BookmarkSubscribeRSS Feed
🔒 This topic is solved and locked. Need further help from the community? Please sign in and ask a new question.
tuckjosh
Fluorite | Level 6

Howdy,

 

I've spent days trying to figure out the solution to this problem I've been having. I've tried to employ pretty much all of the solutions to similar questions I've found online to my code, but none of them give me what I need! To be clear, I'm not looking for PDC or MPR. I'm simply looking to find the mean number of days between patients' refills!

 

I need to calculate the mean (SD) number of days between each patient's pharmacy claims for insulin. I'm using a massive commercial claims dataset. Say a patient has an index fill on 2/2/21 and refills their script on 5/1/21 and 7/1/21. Another patient fills an initial script on 3/4/21 and six refills thereafter... and on and on. The number of refills differs for each patient, as do the number of days supplied and dates of fills and refills. Our goal is to assess the temporal component of insulin filling. I.e., do patients do all of their filling in the first three months of the year? Is it staggered? If yes, how so? Etc. I'd ideally like to be able to correct for overlap and gaps between fills and prescription coverage, respectively. 

 

The data structure is something like this:

 

data temp;
input patient_id svc_dt days_supply_cnt;
format svc_dt mmddyy10.;
datalines;


1 10/21/19 60
1 11/10/19 15
1 1/30/20 30
2 5/1/19 20
2 10/4/19 10

3 1/1/19 70

3 4/11/19 4

3 12/2/19 100

3 5/19/20 10

3 10/1/20 100

4 10/29/19 100

4 10/29/19 100

;


run;

 

My supervisor believes one can simply sum the number days between each fill and divide that by the total number of claims the patient makes during the observation period, but I'm having trouble even getting that. Thanks so much for your help!

 

 

 

J. E. Tucker, MPH (he.him.his)
1 ACCEPTED SOLUTION

Accepted Solutions
PaigeMiller
Diamond | Level 26

PROC MEANS will do this easily, once you compute the actual number of days between refills for each patient.

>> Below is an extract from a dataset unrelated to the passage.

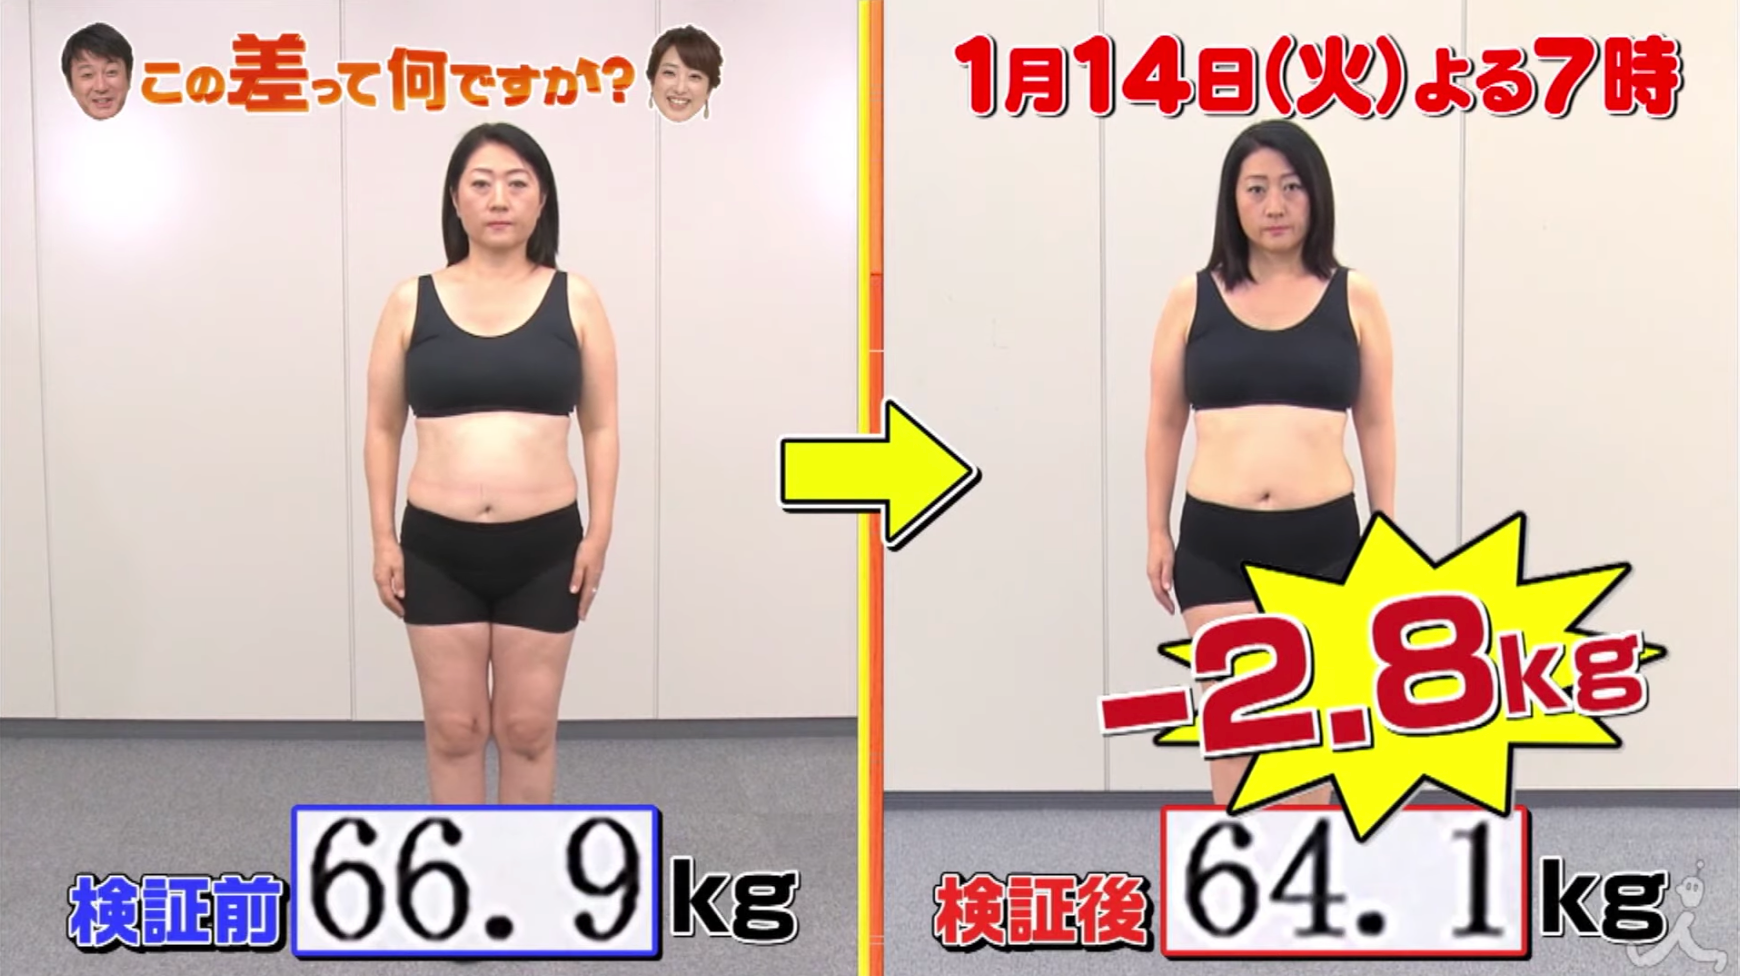 で 2 痩せる 週間 まずは３キロ！２週間で確実に痩せるダイエット方法 (2021年6月5日)

So for patient 1, you have to compute the number of days between 10/21/19 and 11/10/19. (Let's say that's 21 days). And then you have to compute the number of days between 11/10/19 and 1/30/20, let's say that is 80 days. So the mean is then (80+21)/2. But that's really (max date – min date)/(purchases-1)

 

So

data temp;
input patient_id svc_dt days_supply_cnt;
format svc_dt mmddyy10.;
datalines;
1 10/21/19 60
1 11/10/19 15
1 1/30/20 30
2 5/1/19 20
2 10/4/19 10
3 1/1/19 70
3 4/11/19 4
3 12/2/19 100
3 5/19/20 10
3 10/1/20 100
4 10/29/19 100
4 10/29/19 100
;

proc means data=temp nway noprint;
    class patient_id;
    var svc_dt;
    output out=want min=min_svc_dt max=max_svc_dt n=n_purchases;
run;

Then you can take the results in data set WANT and do the final calculation in another DATA step:

(max date – min date)/(n_purchases-1)

 

 

 

--
Paige Miller

View solution in original post

5 REPLIES 5
PaigeMiller
Diamond | Level 26

PROC MEANS will do this easily, once you compute the actual number of days between refills for each patient.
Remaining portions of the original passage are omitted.